Inicialmente, “travei” com o novo tema proposto: colapso. O receio neste caso é escrever sobre mais do mesmo. A impressão que fica desta contemporaneidade veloz é que, tudo o que havia pra ser dito já o foi.

Então, dizer mais o quê?

Parece que a arte – de um modo geral – está numa encruzilhada. E como a arte é a princípio um reflexo do homem, podemos até dizer que este sim, está sem rumos.

O desafio de temas propostos intercaladamente entre eu e Oswaldo é um pouco nossa resposta a essa coisa confusa e ampla na qual se tornou a literatura contemporânea. O desafio de escrever algo poético sobre um tema aleatório nos leva a refletir sobre o próprio ofício da escrita. Uma reflexão importante em tempos de blogosfera, onde qualquer um pode escrever sobre qualquer coisa.

Pois bem. Para o tema desta semana, a fonte parecia ter “secado”. Mas eis que, numa caminhada no centro da cidade, a idéia “estala” de uma hora pra outra, sem avisar.

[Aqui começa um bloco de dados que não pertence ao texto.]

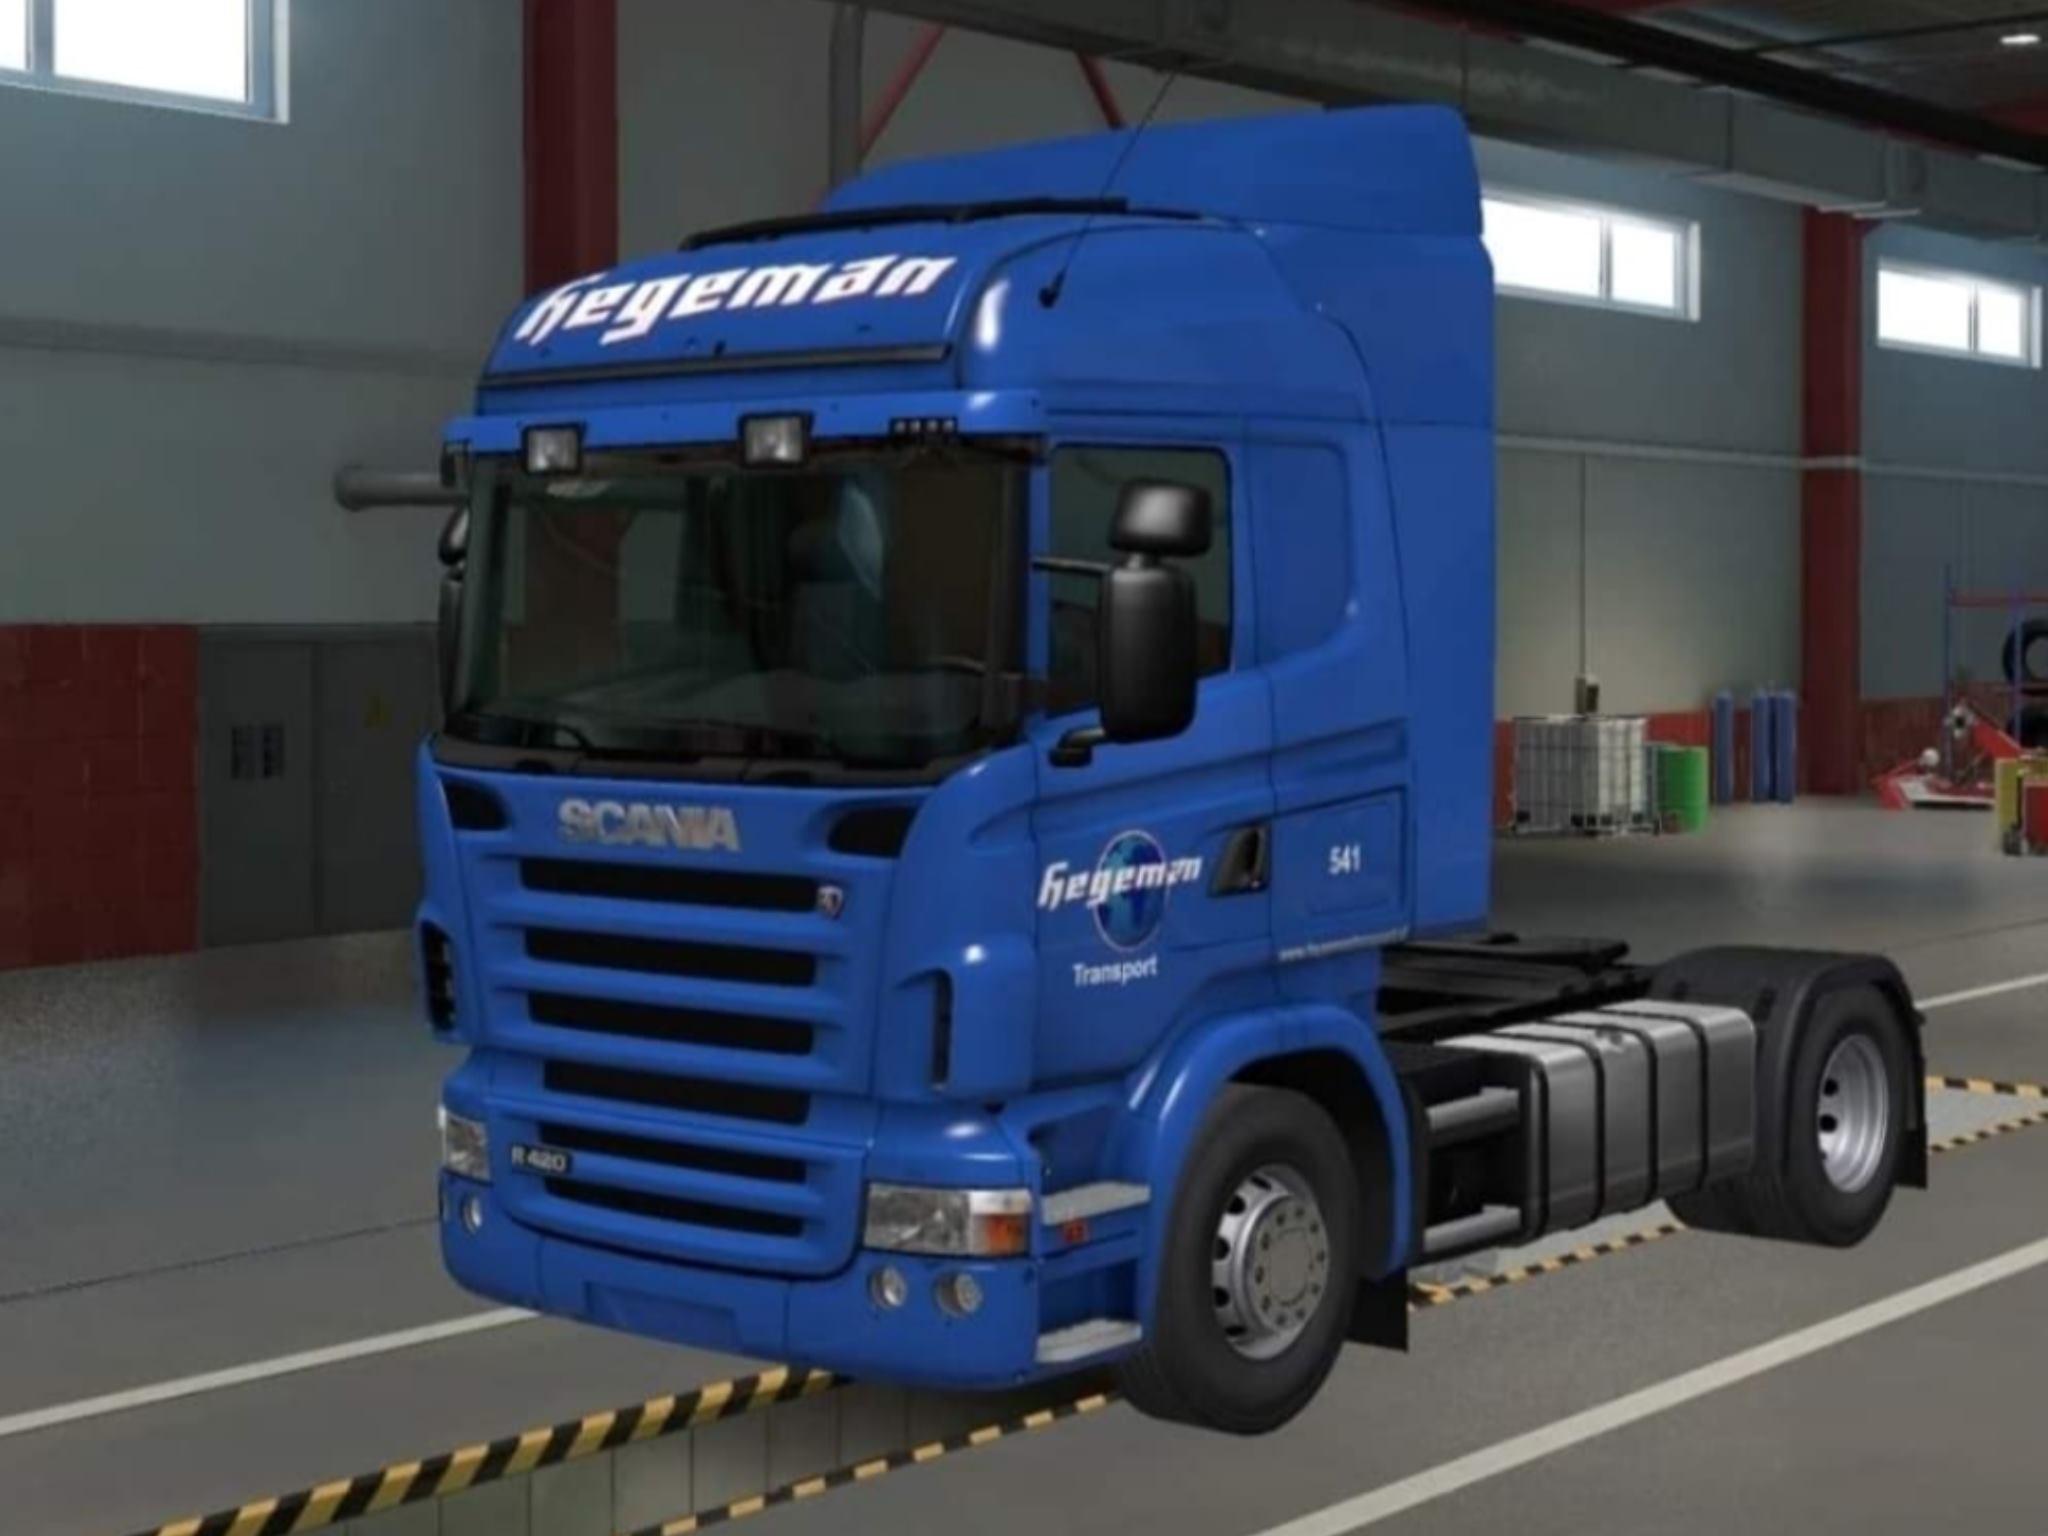 NR-541-Scania--In-de-werkplaats-van-Floris-Rodermond

Basta ter um estímulo visual, sonoro, tátil e a criatividade vem à tona.

Assim se dá o processo de criação artística. Impulsionado através dos sentidos. E não há nada mais primitivo do que isto.

Será que, neste caso, uma saída para a nossa falta de rumo seja buscar coisas primais como RITOS, MITOS e sensações adormecidas há tanto tempo?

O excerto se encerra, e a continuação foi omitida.